**Brief**: Only the lines below from the one that holds "Altenew Release Bundle" through the one that holds "Vintage Bags – Willow Hilson Vintage" should appear in the answer, copied exactly, end lines included and pictures omitted.

**Source data**:

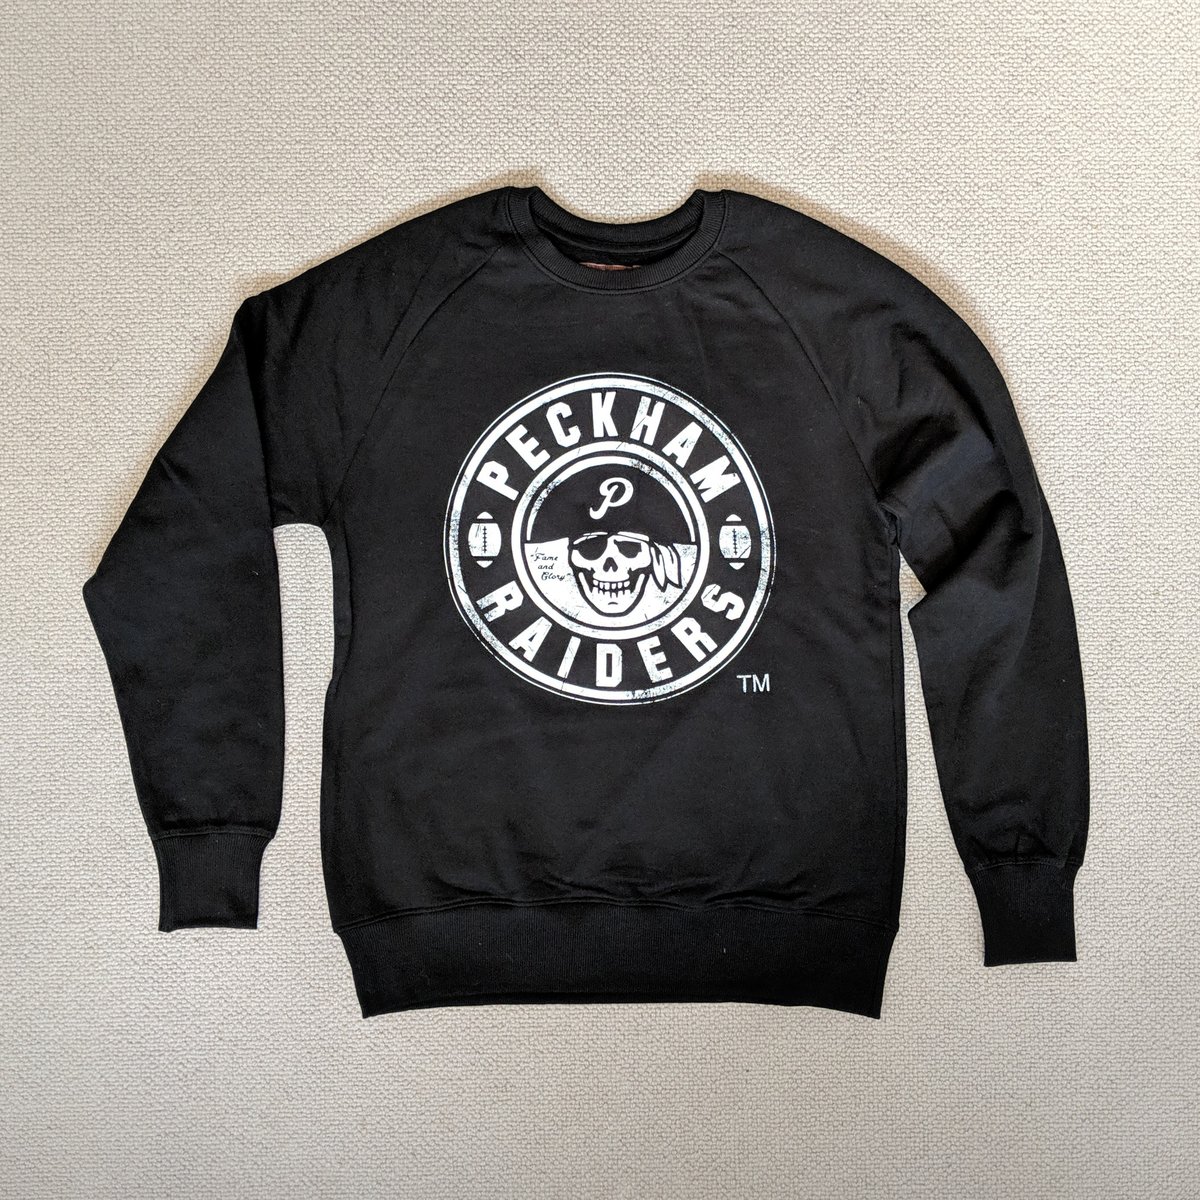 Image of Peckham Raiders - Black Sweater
* * *
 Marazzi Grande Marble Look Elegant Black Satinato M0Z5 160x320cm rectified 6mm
---
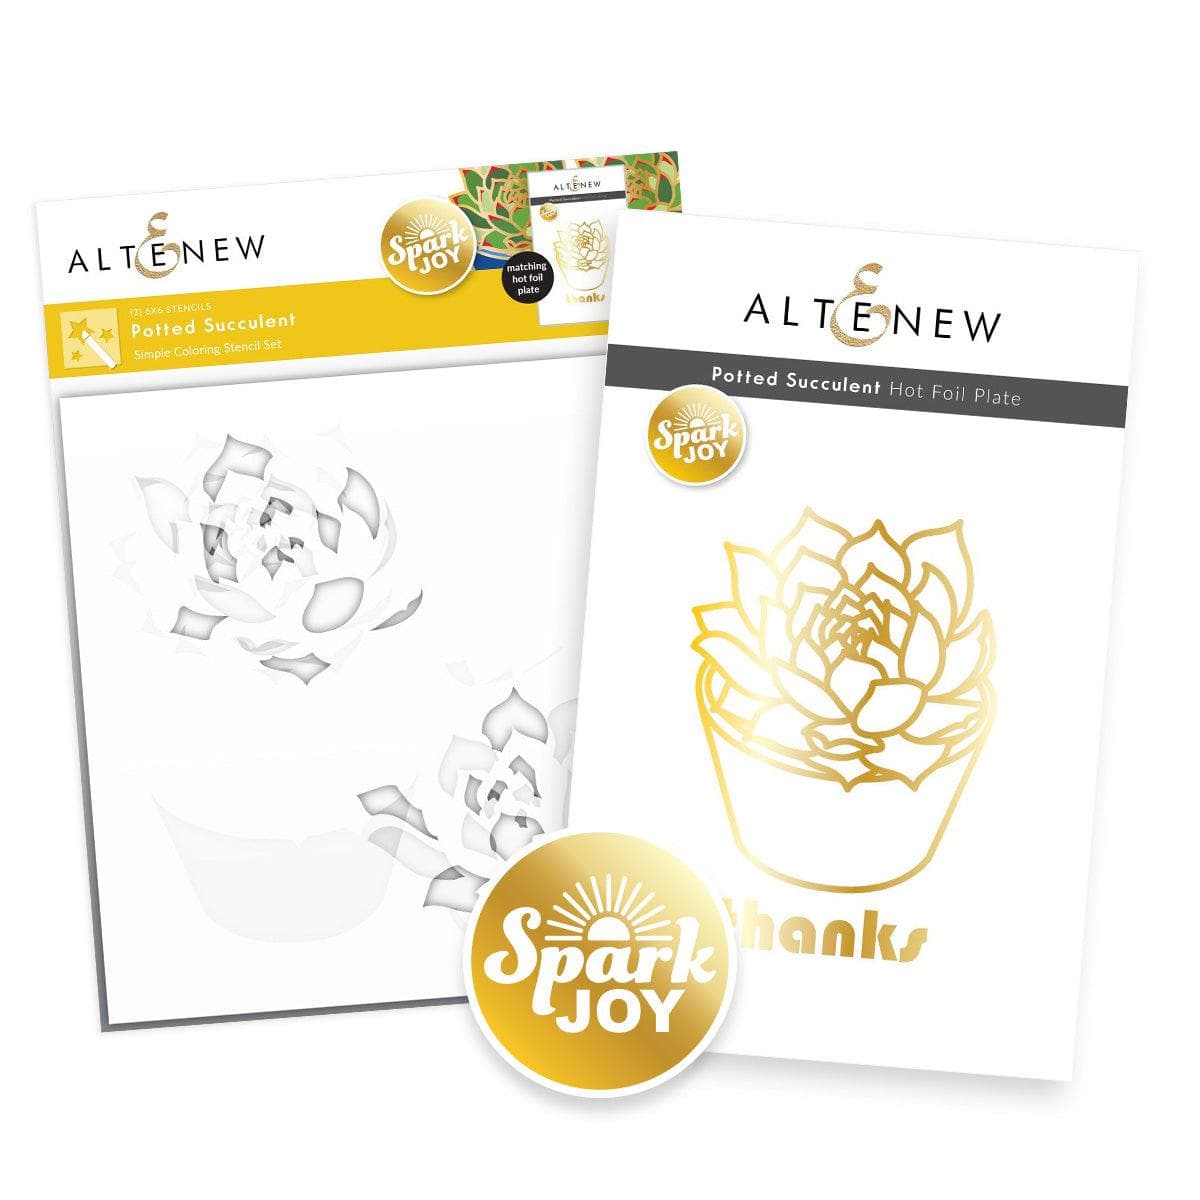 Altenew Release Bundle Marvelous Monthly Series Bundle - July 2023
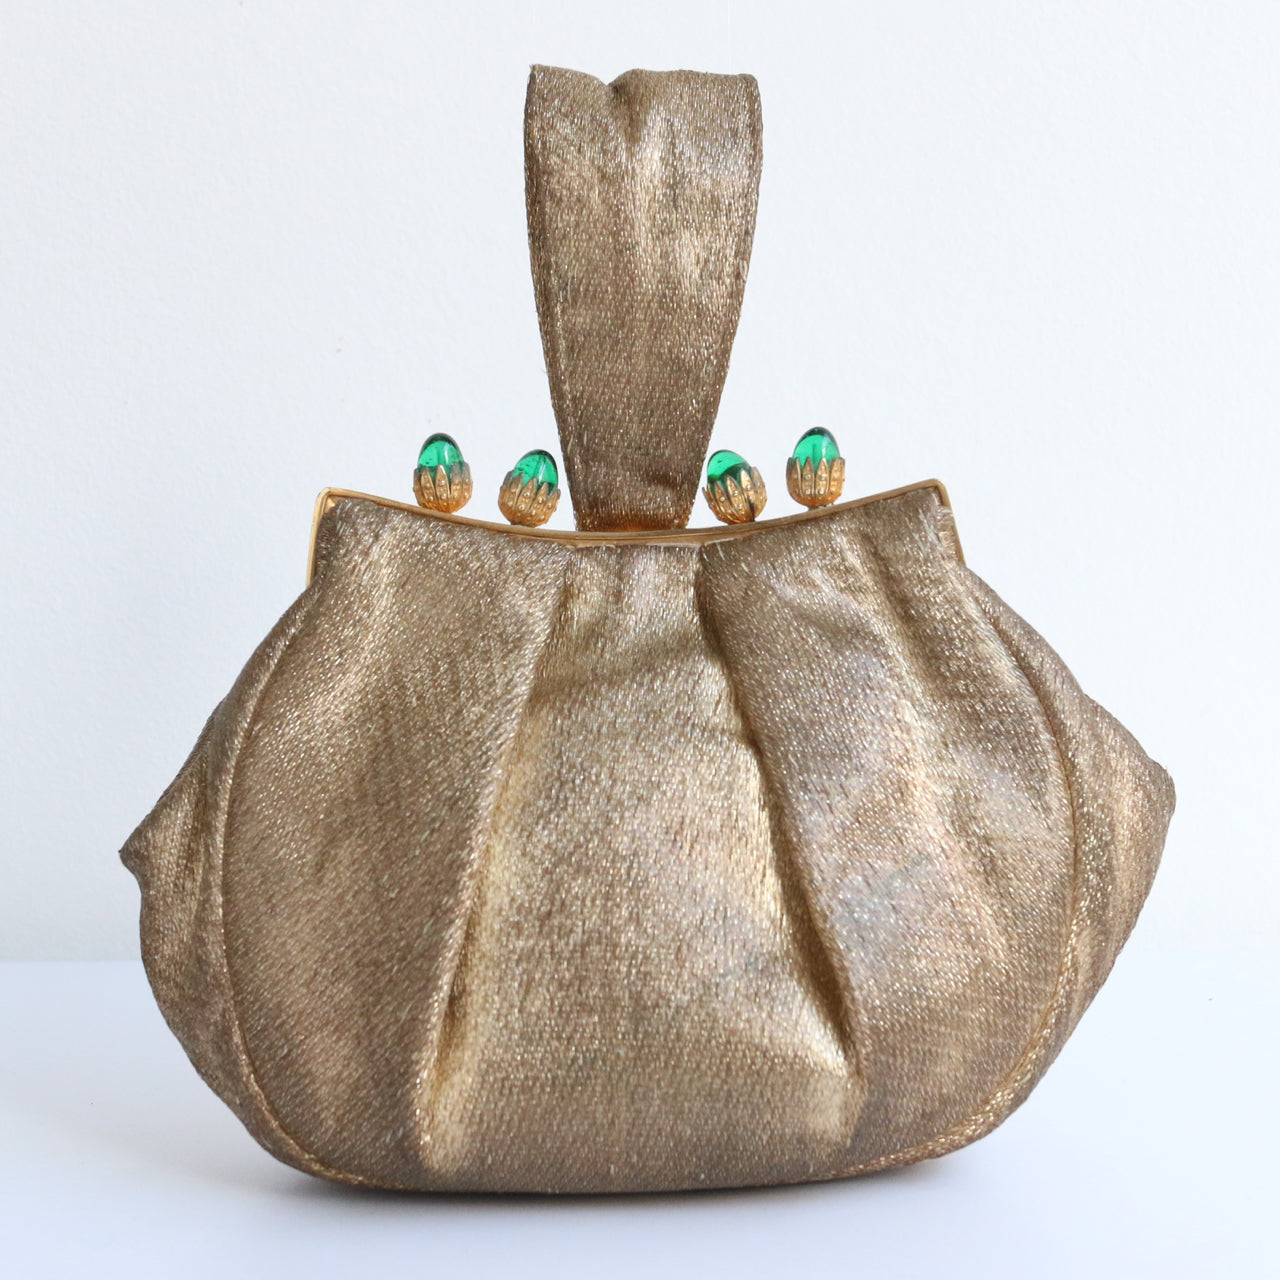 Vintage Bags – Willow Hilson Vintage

**Task output**:
 Altenew Release Bundle Marvelous Monthly Series Bundle - July 2023
 Vintage Bags – Willow Hilson Vintage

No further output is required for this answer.